The Akhal-Teke is descended from Turkmen raiding horses originally mentioned around 3,000 years ago. The contemporary Akhal-Teke horse dates from the eighth century, making it the purest surviving descendent of the ancient Scythian horse. The word “Akhal” means “pure,” and it is also the name of a distant oasis linked with the nomadic Teke tribe, which shares the second part of the breed’s name. The Tekemene people are descended from the ancient Scythinas and have long lived in Turkmenistan, which borders Iran and Afghanistan to the north. The Tekes’ nomadic lifestyle necessitated the need for horses of tremendous endurance capable of traveling huge distances quickly and without trouble. The Tekes developed horses of fiery temperament and great stamina whose fame spread throughout the ancient world and became highly desired as war and racing horses. The Tekes established and maintained this breed for hundreds of years via an oral history of lineage preservation. The Akhal-Teke remained virtually untouched for many centuries. It was mostly found in Central Asia, but it was also found as far north and west as Russia, where it was maintained in the royal stables. Turkmens were proud of their horses and organized an incredible advertising drive to draw notice to the breed in 1935. In 84 days, a mounted troop of Akhal-Teke stallions traveled almost 2,500 miles from Turkmenistan’s capital, Ashkabahad, to Moscow. The trek included a 225-mile passage of the KaraKum desert. With minimal water available, the horses successfully crossed the desert in three days. This incredible endurance ride was repeated in 1988.

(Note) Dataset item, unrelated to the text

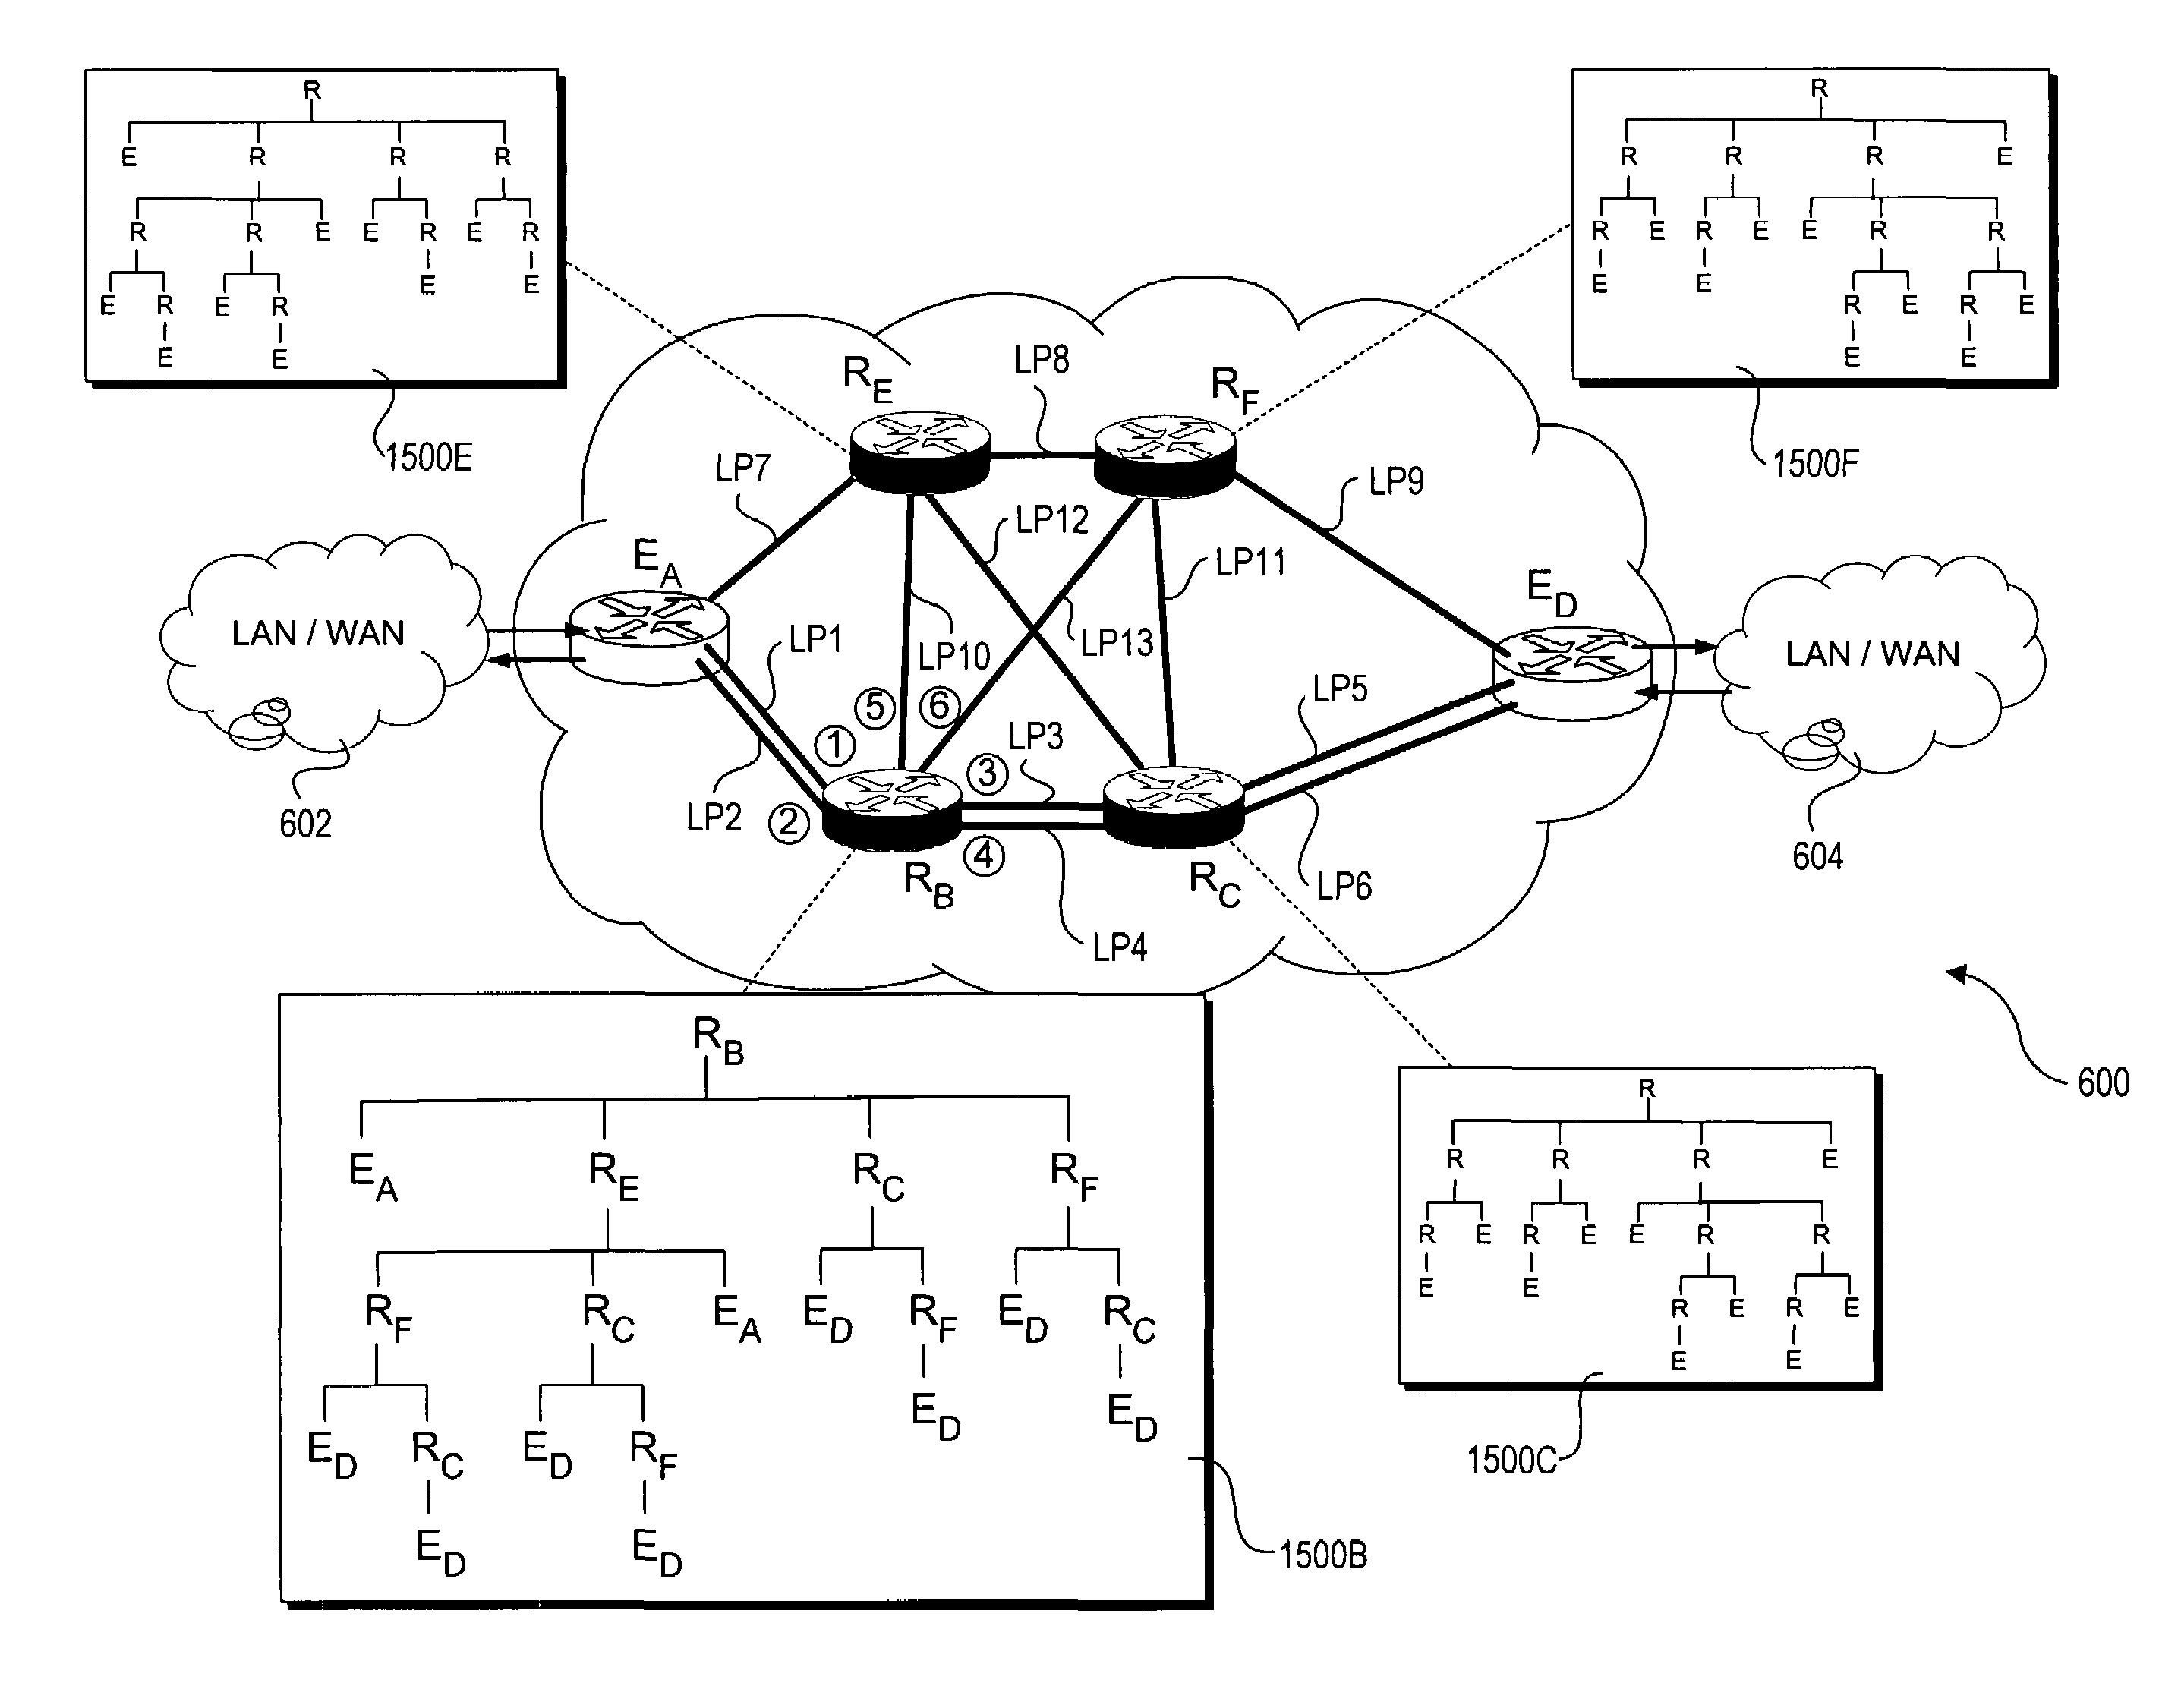 Dynamic route discovery for optical switched networks using peer routing

Contrary to popular opinion, the Akhal-Teke predates the emergence of the Arabian horse. Turkmenian stock has historically had a significant impact on the evolution of horse breeds in Europe, most notably the English Thoroughbred. It is currently thought that at least two of the Thoroughbred’s three founder sires were Turkmen, most likely Akhal-Tekes. Perhaps the most famous Akhal-Teke was the Russian horse Absent, who won the Olympic gold medal in dressage in 1960 and had a career total of six medals – the most ever earned by any individual horse.
With its thin body and graceful stride, the Akhal-Teke seems to be an equine counterpart of a Greyhound. The horses of Akhal-Teke are long in every dimension, with tapering heads, narrow necks, and slim bodies. They have powerful legs with solid bone and tough hooves. They seem to glide above the ground due to their smooth and elastic gaits. The forelock and mane are scant, the skin is thin, and the coat is short and smooth. A thick undercoat keeps you warm in the cold. While the breed comes in a variety of hues, gold predominates and has a unique shiny shine. The metallic sheen is caused by the unique structure of the hair that bends light through one side of the hair and refracts it out the other side, causing the golden cast to the horses’ coats.

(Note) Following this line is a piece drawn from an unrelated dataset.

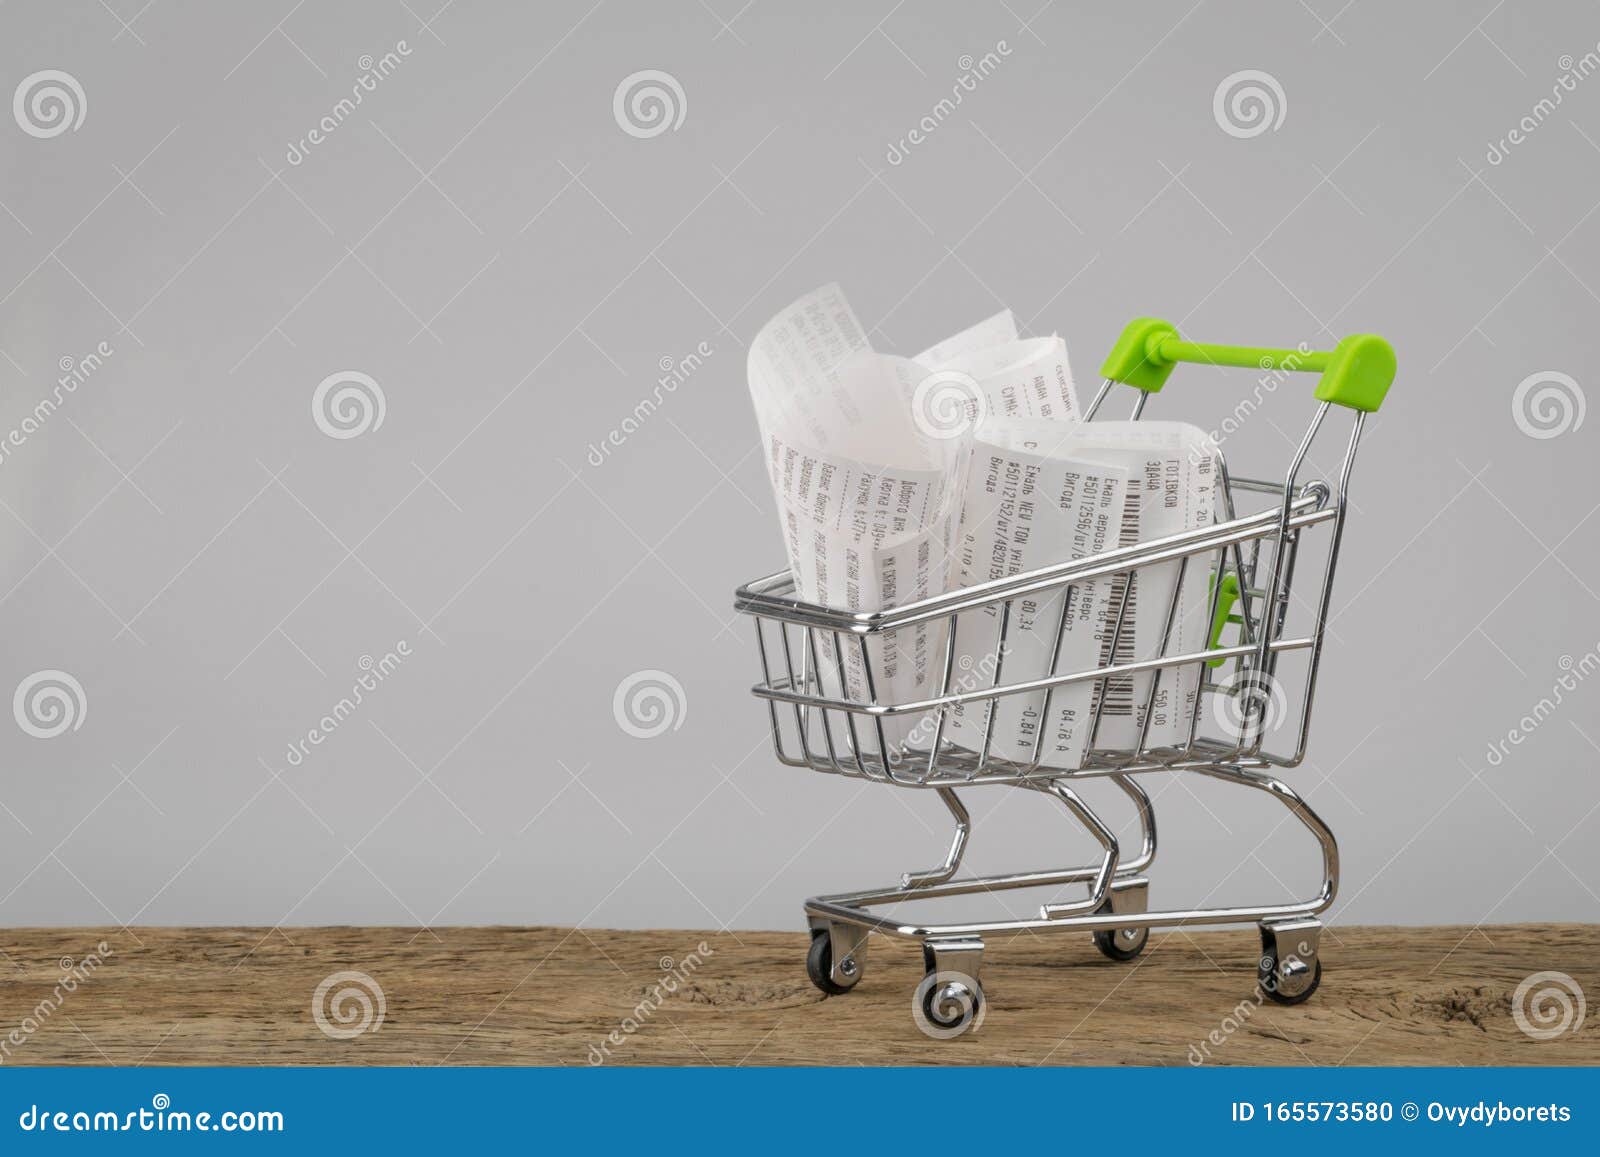 shopping cart, concept for grocery expenses and consumerism

Akhal-Teke horses stand 15.2 hands (62 inches) tall at the withers and weigh between 900 and 1,000 pounds. They are well-known for being very intelligent horses that respond well to delicate training. The Akhal-Teke is a worldwide uncommon breed, with a population of fewer than 7,000 individuals. Akhal-Teke horses excel in a variety of disciplines, including endurance, dressage, and jumping. Despite these abilities and ancient lineage, the breed has been difficult to promote in North America; its strange name, unusual body shape and color, and somewhat smaller size mean that the Akhal-Teke does not match the Thoroughbred/Warmblood sport horse profile that is popular today. The success of a few horses has gradually increased breed awareness, and a larger basis of promotional effort has been formed. The Akhal-Teke population in North America, if properly protected, might serve as a vital genetic reservoir for this ancient breed.
Did you know:
The Livestock Conservancy is America’s foremost conservation group, fighting to prevent the loss of over 150 historic breeds. We rely on the support of our members, grants, and donations from the public to raise the $700,000 a year needed to maintain our conservation work with rare breeds of farm animals. Click here to find out how you can assist.
How many Akhal-Teke horses are left in the world?
There are presently roughly 6,600 Akhal-Tekes in the globe, predominantly in Turkmenistan, but also in Europe and North America.
Traits Distinguishing features Riding horse developed for endurance; some individuals have a’metallic’ coat. Equus ferus caballus
Why are Akhal-Tekes so rare?
The Akhal-Teke is an endangered breed on the Conservancy’s Conservation Priority List, which is unusual for domestic animals (CPL). Some of this might be attributed to the political and economic turbulence that occurred in Soviet Russia. The breeding barns that men established in the late 1800s gradually shut down.
What is the rarest breed of horse?
The Rarest in the World
- Akhal-Teke Horse.
- American Cream Draft Horse.
- Boulonnais Horse.
- Caspian Horse.
Is the Akhal-Teke endangered?
The breed has been closely associated with political upheavals, and they were imported into the United States in 1979. The Akhal-Teke is currently listed as “Vulnerable” by the Equine Survival Trust and “Threatened” by the American Breed and livestock Conservancy.